**Instructions for the task**
Search the entries below for the word "września" and copy every line where it appears.
Start of Data under study
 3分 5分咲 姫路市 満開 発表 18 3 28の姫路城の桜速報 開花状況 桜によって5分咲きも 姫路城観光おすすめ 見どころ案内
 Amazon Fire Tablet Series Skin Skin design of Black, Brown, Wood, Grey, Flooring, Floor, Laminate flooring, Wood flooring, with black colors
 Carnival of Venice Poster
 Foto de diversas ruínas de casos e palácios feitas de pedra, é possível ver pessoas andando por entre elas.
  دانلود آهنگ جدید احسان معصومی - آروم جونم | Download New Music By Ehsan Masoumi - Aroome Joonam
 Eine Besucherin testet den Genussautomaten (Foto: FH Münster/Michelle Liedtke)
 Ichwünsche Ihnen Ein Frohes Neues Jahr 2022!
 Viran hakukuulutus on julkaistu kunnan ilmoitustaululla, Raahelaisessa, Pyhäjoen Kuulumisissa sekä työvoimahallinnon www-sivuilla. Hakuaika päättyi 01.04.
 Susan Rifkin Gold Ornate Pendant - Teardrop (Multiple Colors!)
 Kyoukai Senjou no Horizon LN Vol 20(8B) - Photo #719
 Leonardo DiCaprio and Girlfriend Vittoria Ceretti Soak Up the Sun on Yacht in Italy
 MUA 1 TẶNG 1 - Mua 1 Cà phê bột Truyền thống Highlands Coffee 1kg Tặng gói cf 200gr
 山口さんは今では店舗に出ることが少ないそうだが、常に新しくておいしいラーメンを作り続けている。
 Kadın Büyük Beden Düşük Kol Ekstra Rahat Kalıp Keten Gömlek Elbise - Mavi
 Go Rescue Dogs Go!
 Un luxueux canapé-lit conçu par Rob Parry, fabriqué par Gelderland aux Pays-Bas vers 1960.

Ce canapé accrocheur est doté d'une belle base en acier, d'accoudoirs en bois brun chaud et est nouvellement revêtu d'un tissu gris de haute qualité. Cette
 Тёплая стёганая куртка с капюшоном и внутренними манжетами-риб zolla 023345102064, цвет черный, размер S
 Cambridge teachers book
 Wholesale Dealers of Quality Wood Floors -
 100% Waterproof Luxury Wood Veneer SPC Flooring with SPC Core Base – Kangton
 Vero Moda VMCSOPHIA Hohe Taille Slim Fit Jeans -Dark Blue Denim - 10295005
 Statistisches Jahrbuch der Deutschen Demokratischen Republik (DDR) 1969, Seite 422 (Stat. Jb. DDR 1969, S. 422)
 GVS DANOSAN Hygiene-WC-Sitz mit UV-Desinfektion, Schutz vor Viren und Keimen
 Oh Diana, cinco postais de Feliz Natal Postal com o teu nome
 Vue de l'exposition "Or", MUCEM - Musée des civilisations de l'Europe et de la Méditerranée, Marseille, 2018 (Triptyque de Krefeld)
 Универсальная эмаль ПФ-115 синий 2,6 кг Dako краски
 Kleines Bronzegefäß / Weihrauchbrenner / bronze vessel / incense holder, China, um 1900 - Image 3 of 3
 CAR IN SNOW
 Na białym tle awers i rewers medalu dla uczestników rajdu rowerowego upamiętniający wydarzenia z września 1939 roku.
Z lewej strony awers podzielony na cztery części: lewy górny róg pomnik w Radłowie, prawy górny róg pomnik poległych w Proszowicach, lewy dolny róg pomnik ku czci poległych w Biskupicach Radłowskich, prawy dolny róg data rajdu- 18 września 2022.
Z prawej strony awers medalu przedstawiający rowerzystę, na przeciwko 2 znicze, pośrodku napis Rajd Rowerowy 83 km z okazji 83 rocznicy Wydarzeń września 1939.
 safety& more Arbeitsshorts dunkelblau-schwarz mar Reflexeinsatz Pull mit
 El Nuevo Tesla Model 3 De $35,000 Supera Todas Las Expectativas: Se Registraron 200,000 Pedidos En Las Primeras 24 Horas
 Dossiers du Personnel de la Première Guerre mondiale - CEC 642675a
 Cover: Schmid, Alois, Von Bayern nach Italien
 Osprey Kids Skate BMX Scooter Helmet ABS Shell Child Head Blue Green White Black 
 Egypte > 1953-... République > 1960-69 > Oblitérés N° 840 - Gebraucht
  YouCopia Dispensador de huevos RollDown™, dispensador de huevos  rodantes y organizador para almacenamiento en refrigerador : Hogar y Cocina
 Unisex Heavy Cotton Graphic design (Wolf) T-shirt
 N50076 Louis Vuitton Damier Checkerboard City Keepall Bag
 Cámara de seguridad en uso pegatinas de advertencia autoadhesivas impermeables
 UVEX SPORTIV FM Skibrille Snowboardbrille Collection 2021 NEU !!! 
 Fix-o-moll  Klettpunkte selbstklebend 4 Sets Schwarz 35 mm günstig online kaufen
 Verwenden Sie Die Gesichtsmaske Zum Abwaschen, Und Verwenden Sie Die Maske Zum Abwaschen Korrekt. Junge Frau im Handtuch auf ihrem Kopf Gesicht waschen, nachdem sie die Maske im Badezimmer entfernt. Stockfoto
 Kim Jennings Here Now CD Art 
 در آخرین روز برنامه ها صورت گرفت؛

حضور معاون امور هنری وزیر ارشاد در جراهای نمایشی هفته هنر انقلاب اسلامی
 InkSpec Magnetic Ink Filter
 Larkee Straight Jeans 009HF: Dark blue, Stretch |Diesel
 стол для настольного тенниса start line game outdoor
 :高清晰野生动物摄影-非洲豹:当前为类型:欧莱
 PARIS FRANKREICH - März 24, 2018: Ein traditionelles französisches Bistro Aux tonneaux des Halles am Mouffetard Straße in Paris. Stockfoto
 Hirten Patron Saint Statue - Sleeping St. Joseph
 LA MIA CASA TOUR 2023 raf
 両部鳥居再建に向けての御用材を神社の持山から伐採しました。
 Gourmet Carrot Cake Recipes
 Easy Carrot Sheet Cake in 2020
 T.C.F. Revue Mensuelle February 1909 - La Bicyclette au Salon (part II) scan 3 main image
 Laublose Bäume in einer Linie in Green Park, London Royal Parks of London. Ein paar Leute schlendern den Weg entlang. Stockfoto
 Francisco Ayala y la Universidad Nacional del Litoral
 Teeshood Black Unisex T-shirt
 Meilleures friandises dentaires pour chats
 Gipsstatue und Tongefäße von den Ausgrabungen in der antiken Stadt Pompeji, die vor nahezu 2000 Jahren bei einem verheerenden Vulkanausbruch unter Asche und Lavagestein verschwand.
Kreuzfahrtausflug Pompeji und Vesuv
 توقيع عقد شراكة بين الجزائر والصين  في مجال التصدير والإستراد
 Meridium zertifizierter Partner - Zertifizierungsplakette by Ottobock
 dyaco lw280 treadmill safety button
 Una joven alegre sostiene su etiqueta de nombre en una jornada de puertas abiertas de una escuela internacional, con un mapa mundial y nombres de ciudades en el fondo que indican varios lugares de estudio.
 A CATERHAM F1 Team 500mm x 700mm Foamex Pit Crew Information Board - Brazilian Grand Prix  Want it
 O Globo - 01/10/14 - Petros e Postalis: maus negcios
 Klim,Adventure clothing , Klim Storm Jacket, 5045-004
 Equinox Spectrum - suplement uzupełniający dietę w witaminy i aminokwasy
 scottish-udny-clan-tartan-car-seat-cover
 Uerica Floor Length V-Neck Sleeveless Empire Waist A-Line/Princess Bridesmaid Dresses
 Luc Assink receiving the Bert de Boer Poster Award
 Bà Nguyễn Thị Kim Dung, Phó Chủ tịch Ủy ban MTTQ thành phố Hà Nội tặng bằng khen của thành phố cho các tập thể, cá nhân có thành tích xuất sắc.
End of Data under study
**Exercise answer**
 Na białym tle awers i rewers medalu dla uczestników rajdu rowerowego upamiętniający wydarzenia z września 1939 roku.
Z lewej strony awers podzielony na cztery części: lewy górny róg pomnik w Radłowie, prawy górny róg pomnik poległych w Proszowicach, lewy dolny róg pomnik ku czci poległych w Biskupicach Radłowskich, prawy dolny róg data rajdu- 18 września 2022.
Z prawej strony awers medalu przedstawiający rowerzystę, na przeciwko 2 znicze, pośrodku napis Rajd Rowerowy 83 km z okazji 83 rocznicy Wydarzeń września 1939.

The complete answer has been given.